Above all, we encounter vile Lyaios for ourselves in the enormity of human indifference: indifference to the environment, indifference to the effects of our actions upon our fellow man, and indifference to the consequences of our choices upon future generations. It is this indifference first and foremost that must be grappled with and cast out. This thoughtlessness that so mightily holds sway over human minds and hearts is what spawns the sins of overconsumption and waste, mismanagement of resources and ecological abuse. This carelessness is itself a murderer, first of others, and finally of ourselves.

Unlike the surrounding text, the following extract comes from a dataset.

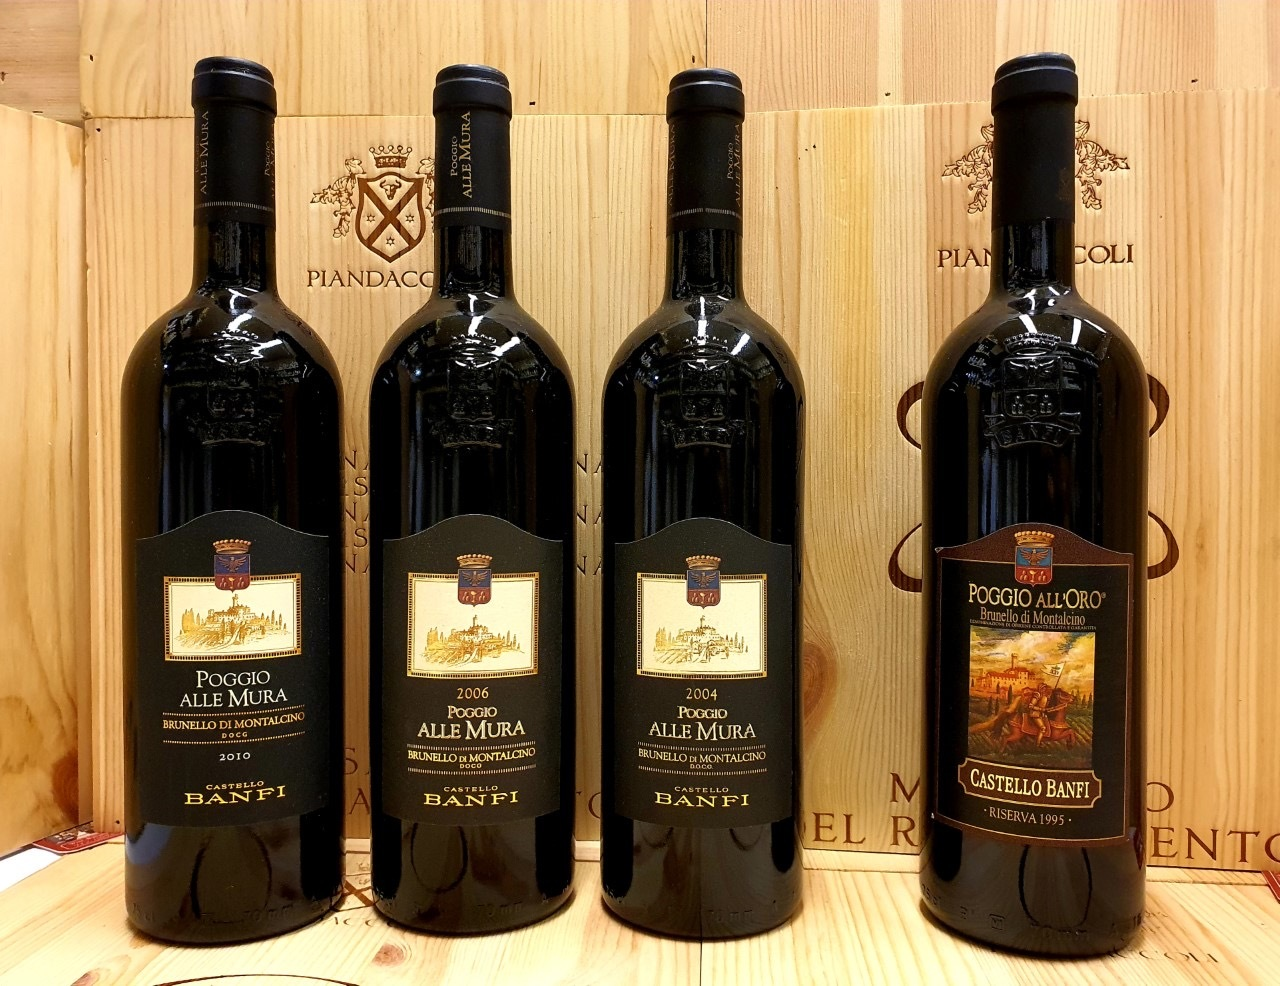 ワイン便の発送:ヴィンテージワイン、ブルネッロ、スーパータスカン、アマローネ_a0136671_18021428.jpeg

How shall we prevail? In the face of indifference and greed, in the face of established practices and entrenched habits, in the face of vested interests and corporate war chests, how shall the few and the weak prevail over the great and mighty? By the prayer of faith. Saint Nestor prayed in faith and prevailed. Saint Demetrios prayed in faith and prevailed, and still prevails in his wonderworking power to this day. Truly did the Apostle John write: “Whatever is born of God overcomes the world; and this is the victory that
overcomes the world, even our faith” (1 John 5:4).

And so on this eve of the Feast of Saint Demetrios the Great Martyr and Myrrh-Streamer, I ask you, beloved, to join together your fervent hearts, free of all doubt and indifference, and to pray: Ο Θεος του Δημητριου, Βοηθει ημιν. “God of Demetrios, help us.”
God of Demetrios, help us to contend for the wellbeing of the world!
God of Demetrios, help us to cast out the darkness of indifference!
God of Demetrios, help us through the gift of Your Spirit to bring renewal to all creation!

Beloved, may the God of Demetrios grant you all to be powerful in prayer in everything which bears fruit in His unending Kingdom. Amen.